»»

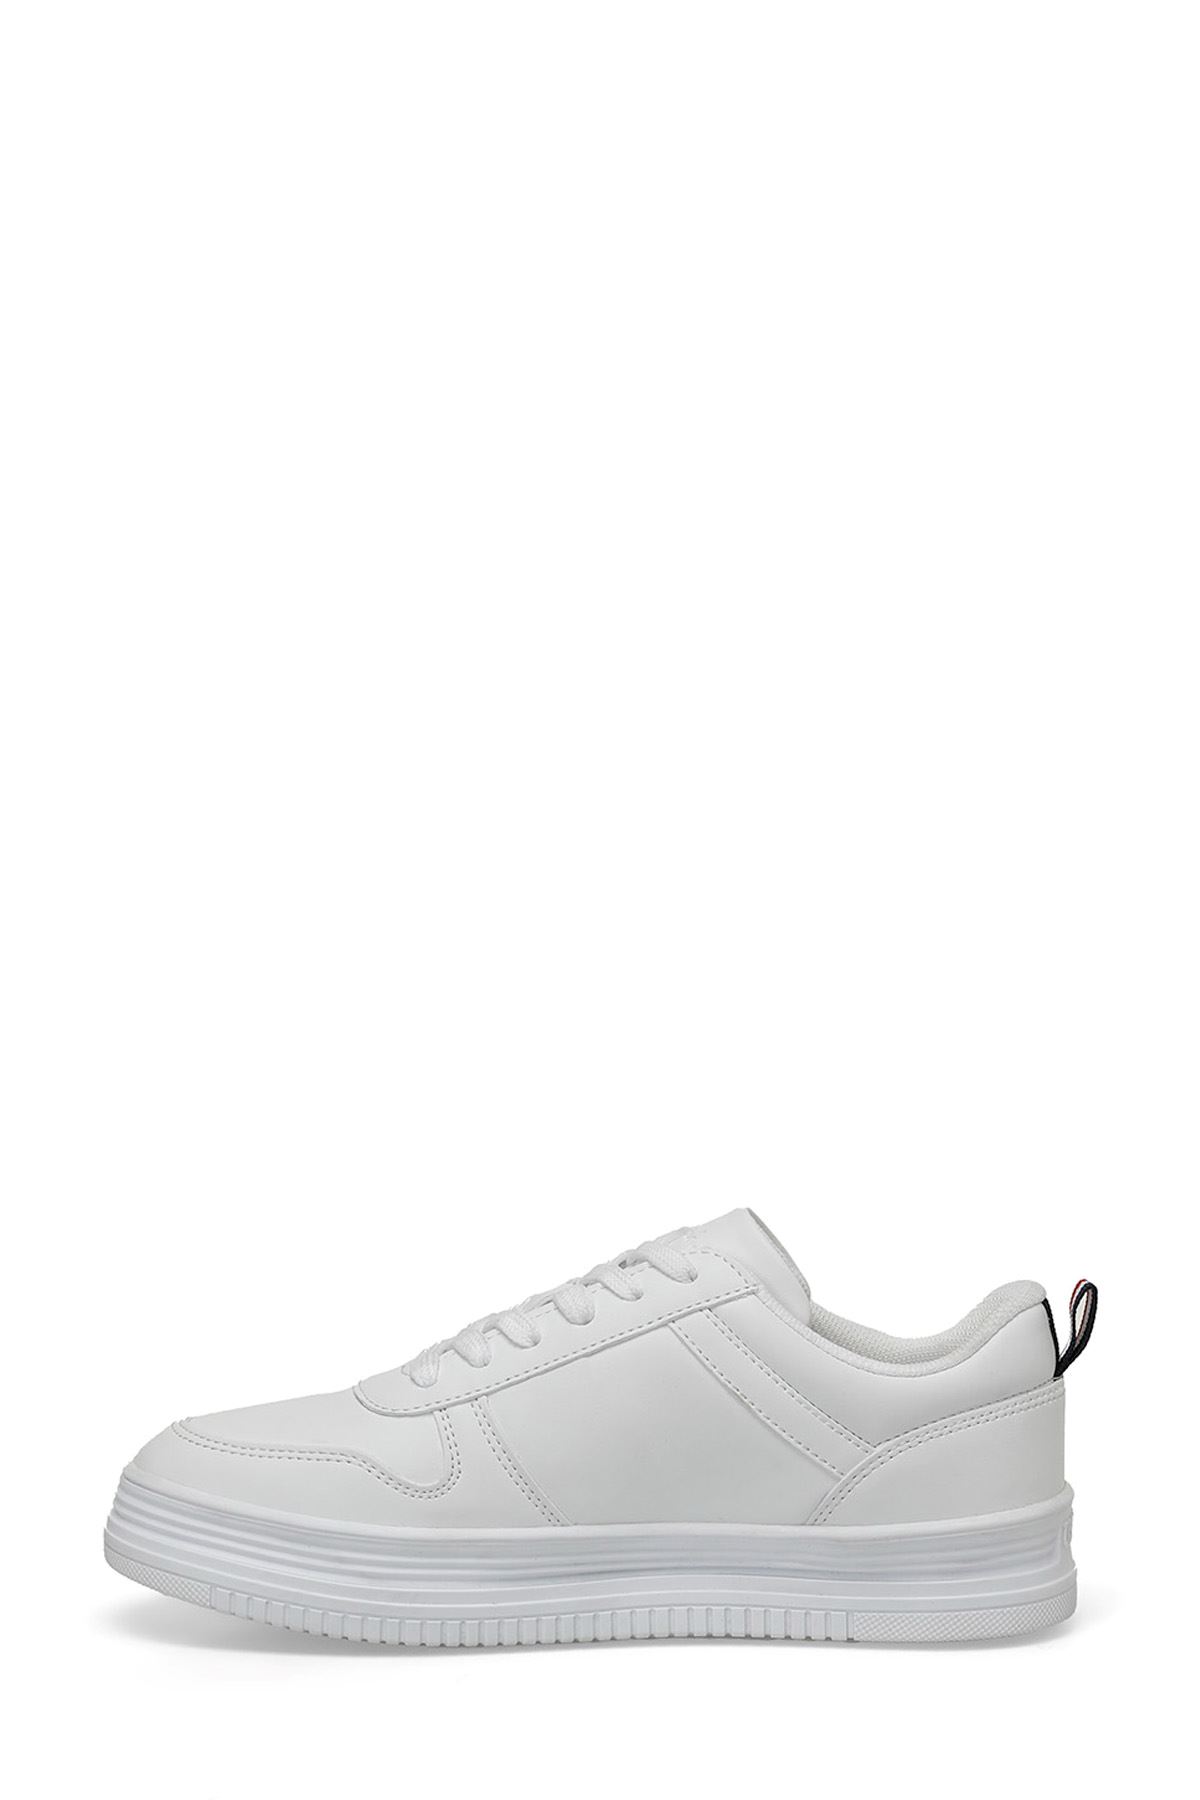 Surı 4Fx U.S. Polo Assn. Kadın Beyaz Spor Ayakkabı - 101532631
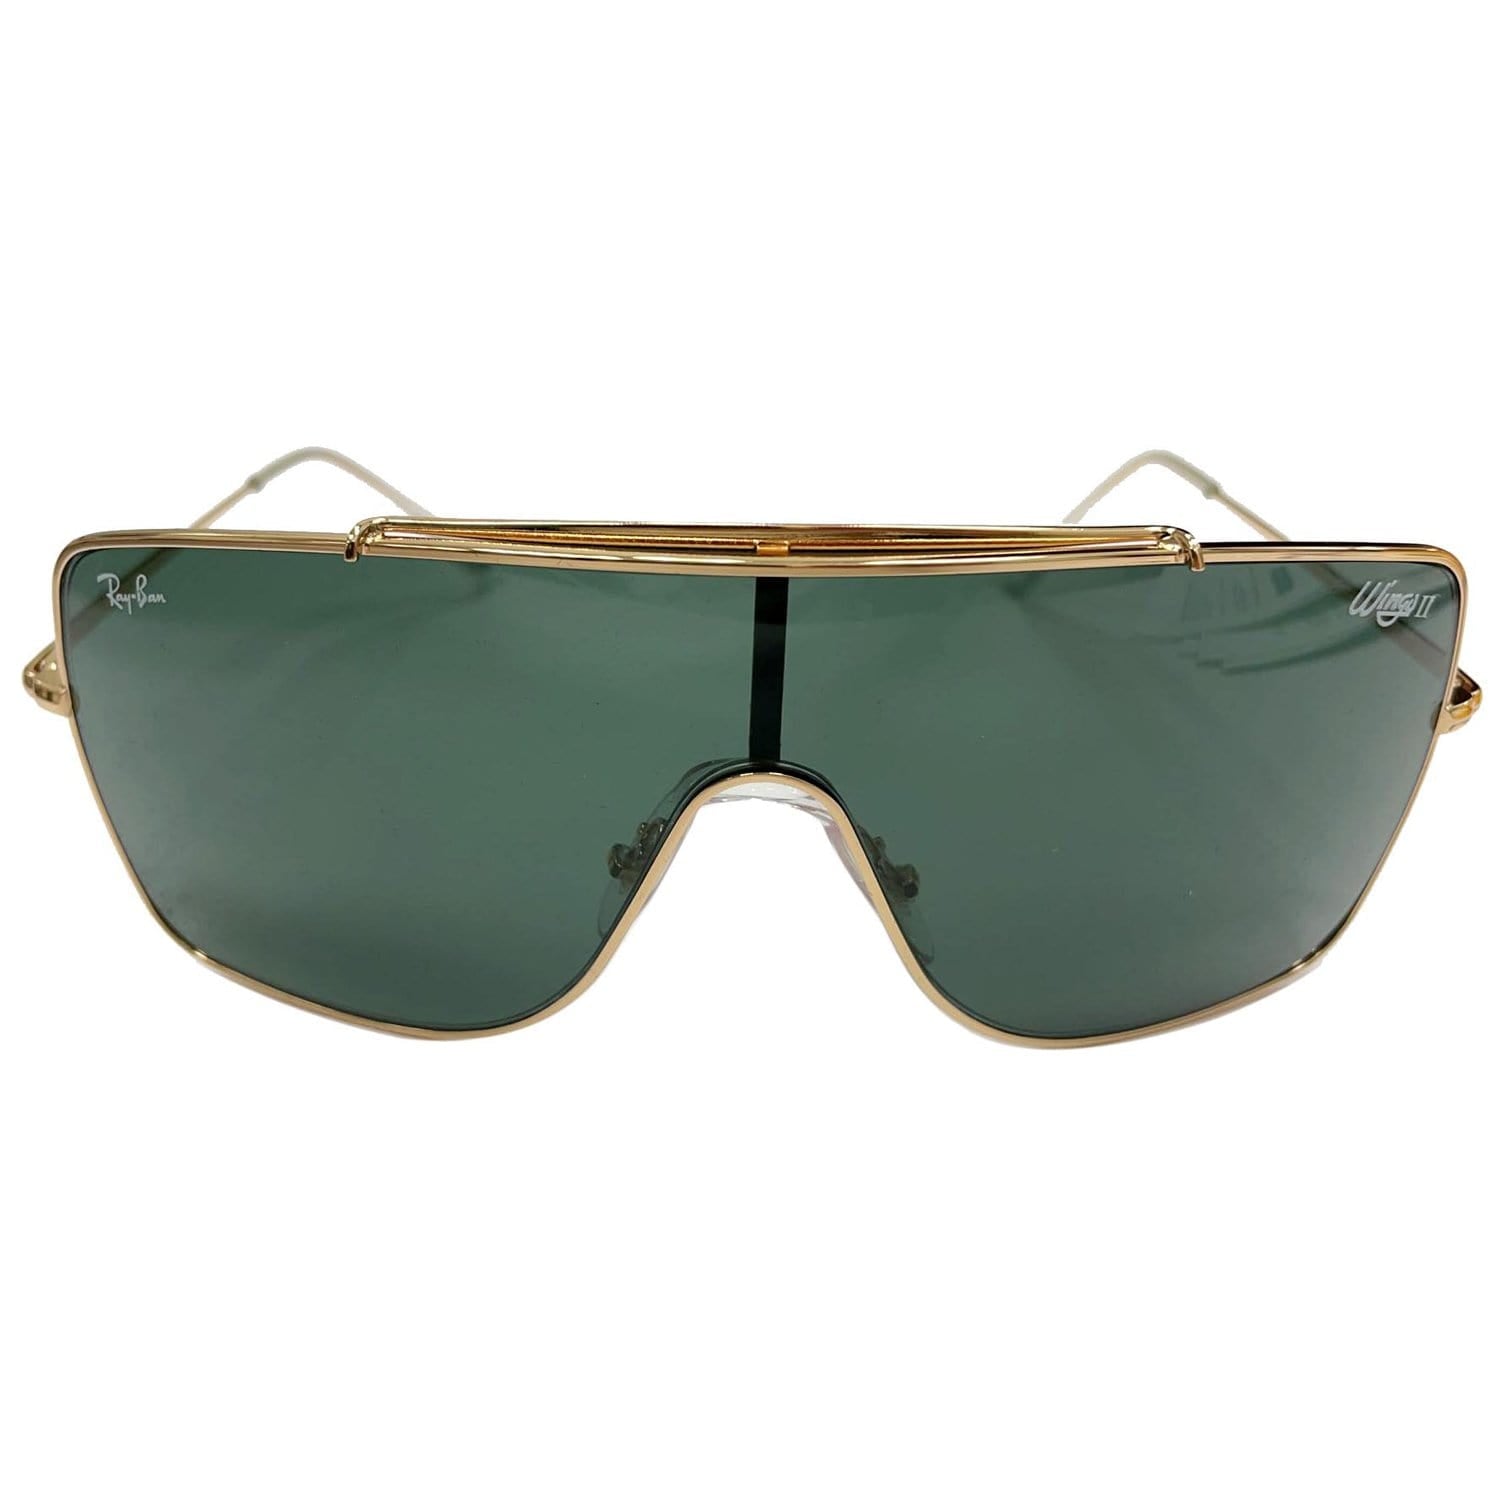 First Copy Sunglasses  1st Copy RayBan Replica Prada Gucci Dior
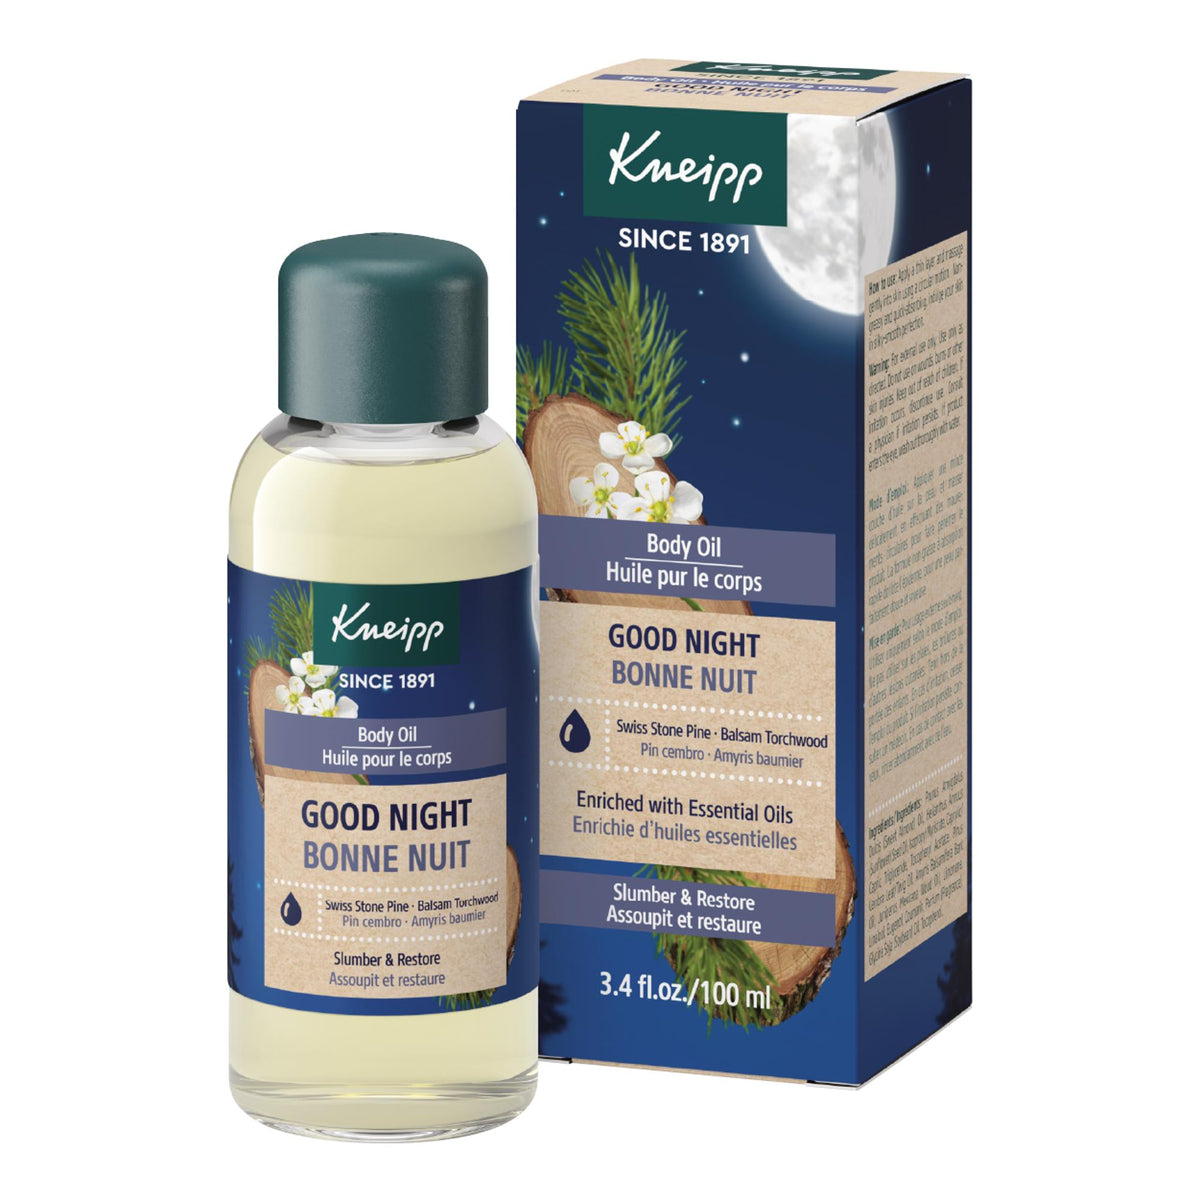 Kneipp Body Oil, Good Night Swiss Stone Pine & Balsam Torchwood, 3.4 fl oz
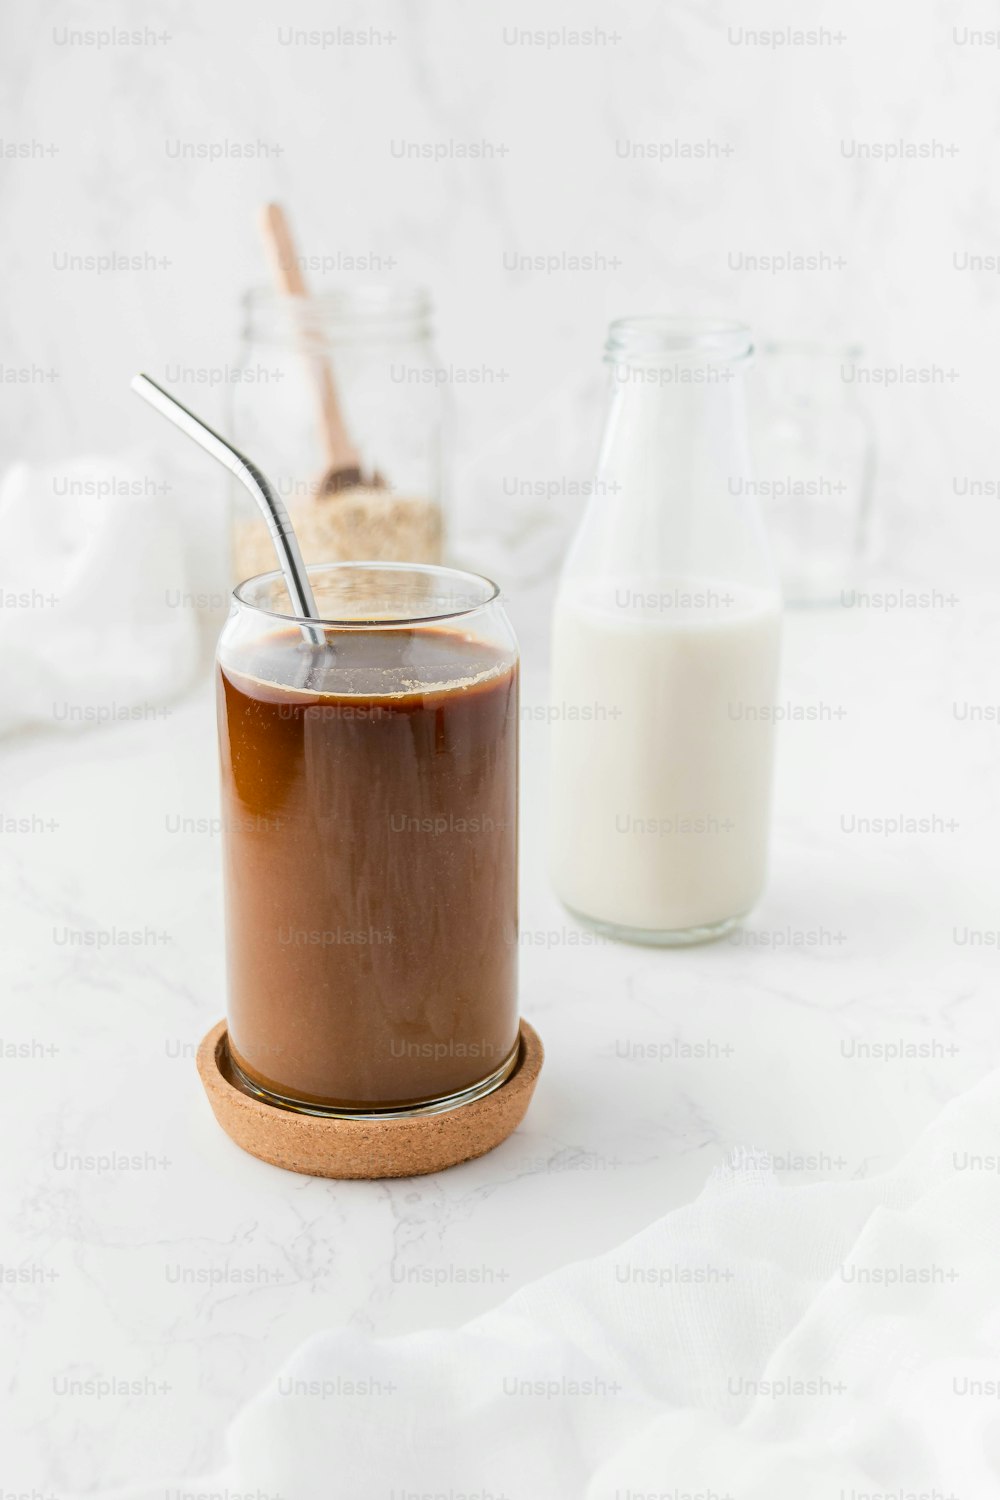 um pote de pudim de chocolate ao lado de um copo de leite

««

A word-for-word repeat is expected of the lines from the one with "Kneipp Body Oil, Good" to the end of the data, both included; pictures are not part of it.

 Kneipp Body Oil, Good Night Swiss Stone Pine & Balsam Torchwood, 3.4 fl oz
 um pote de pudim de chocolate ao lado de um copo de leite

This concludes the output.